The 10-year contracts will each offer a minimum of $2 million, with up to $3.4 billion available from the Inflation Reduction Act (IRA).
Free from Russia
In 2022, the United States acquired 40.5 million pounds of uranium (equivalent), of which almost half (48%) came from Russia or Russian-influenced countries including Kazakhstan and Uzbekistan, according to the U.S. Energy Information Administration (EIA).
Russia is also the world’s largest enricher, with about 46% of global capacity while supplying some 40% of global conversion services, according to a 2023 U.S. House of Representatives report.
The United States enriches only 30% of its fuel needs and imports over a fifth of its enriched uranium needs from Russia.
In August, a U.S. ban on Russian enriched uranium imports came into law, with provisions for waivers in case of supply issues, unlocking some $2.7 billion in government subsidies to support domestic nuclear fuel capacity.

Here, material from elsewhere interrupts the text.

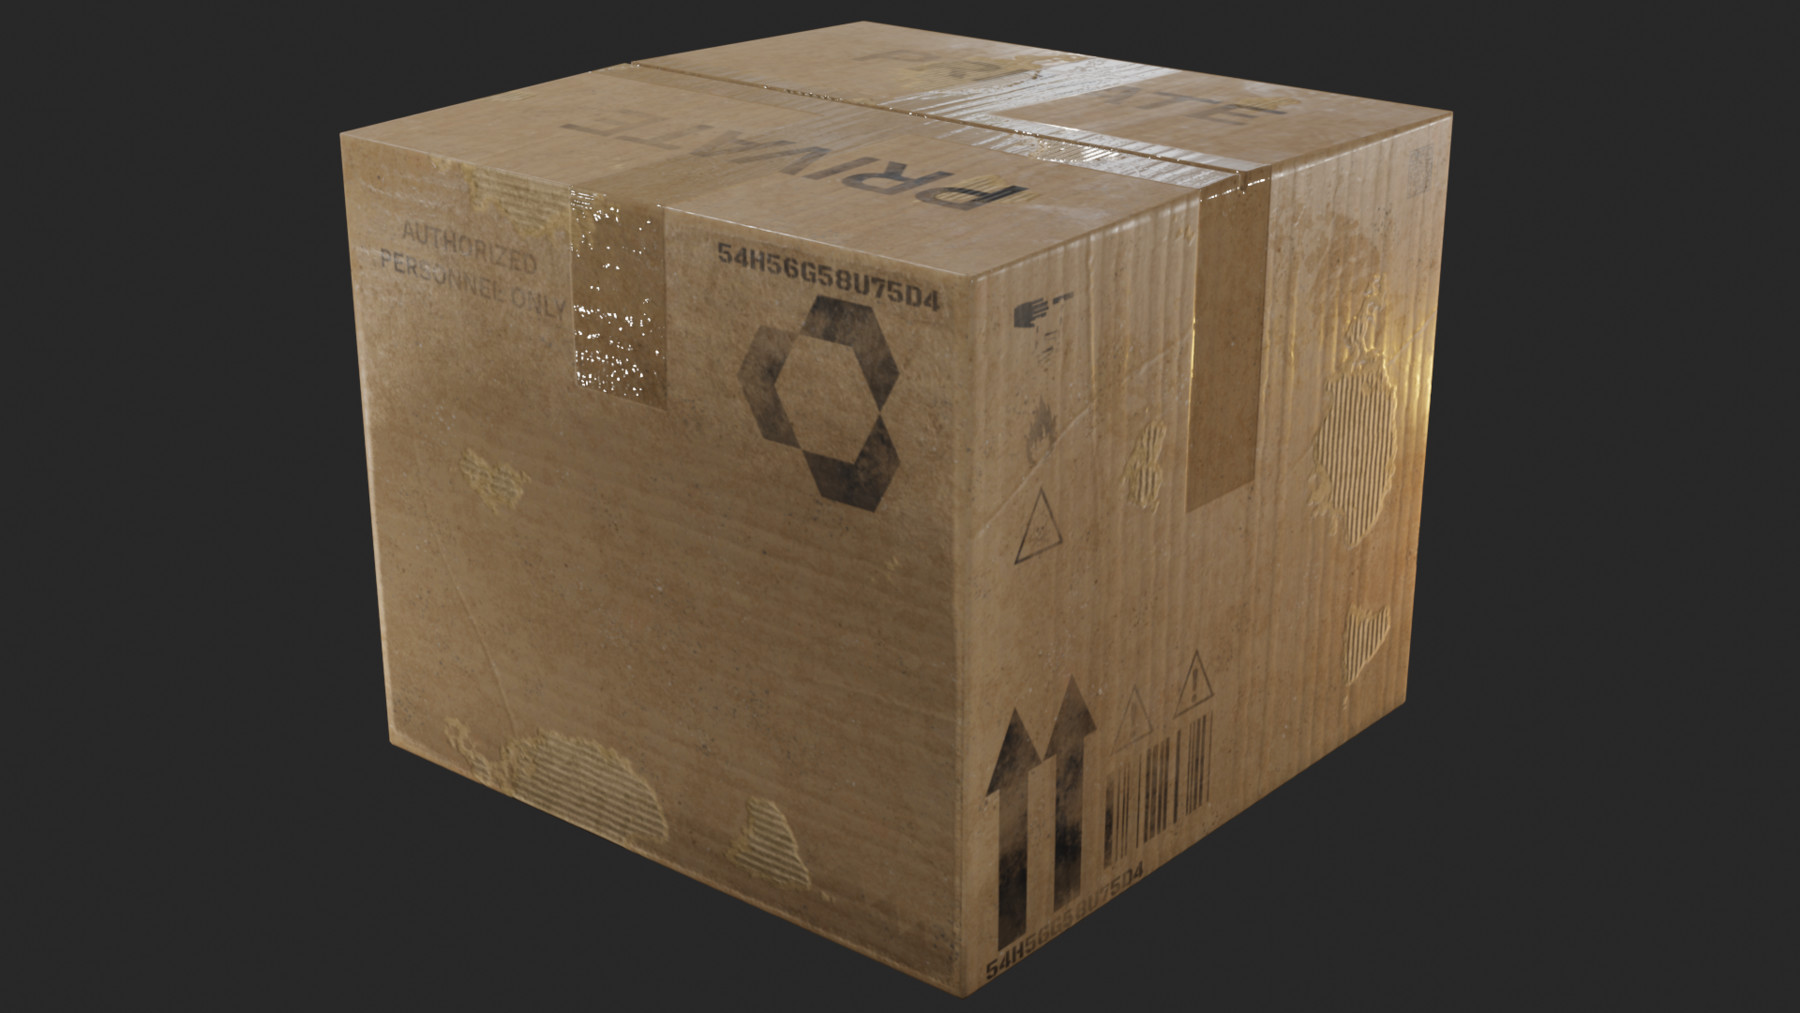 Unbekannt Happy 1019 Pro cardboardbox 3D de Puzzle 6 Unidades

A full ban, without exceptions, is due in 2028.
In recognition of the pending nuclear fuel crunch, Canada, Japan, France, the United Kingdom, and the United States (the so-called Sapporo 5) resolved during the COP28 conference in December 2023 to establish a resilient global uranium supply market free from Russian influence.
New fuel
Almost all of the advanced nuclear reactors under development in North America will require more highly enriched fuel, including HALEU, and will be highly reliant on domestic production.
For HALEU production, government support is key.
Without today’s reactors using the fuel, there are no existing task orders, and without that demand signal, companies are reluctant to start producing the fuel.
“Absent government funding, investors and lenders might not want to help finance HALEU production until there are firm customer orders, and it’s also hard for a utility to buy a reactor with no fuel supply,” says Centrus Vice President of Corporate Communications Dan Leistikow.
“The solution to that problem is that DOE is supporting the deployment of the first reactors as well as initial HALEU production capacity. You create the chicken and the egg at the same time, so it becomes self-sustaining.”
French enricher Orano, which provides 12% of global uranium enrichment capacity, has already begun the expansion of its French facility Georges Besse 2 to generate over 30% more enriched uranium by 2028 in an effort to meet pending demand and by-pass Russia.
In the United States, the federal contracts have been necessary to create a market and establish a secure supply chain, according to Orano’s Senior Director of Communications Curtis Roberts.
“The lack of sufficient enrichment services is the primary concern for meeting the needs of the U.S. nuclear energy market,” says Roberts.
“Since we have not yet received the task orders, we cannot comment on the level of funding that may be provided by the DOE. However, we believe that our ability to co-locate the two technologies—the enrichment and deconversion of HALEU—can save time for the DOE to achieve the first HALEU production.”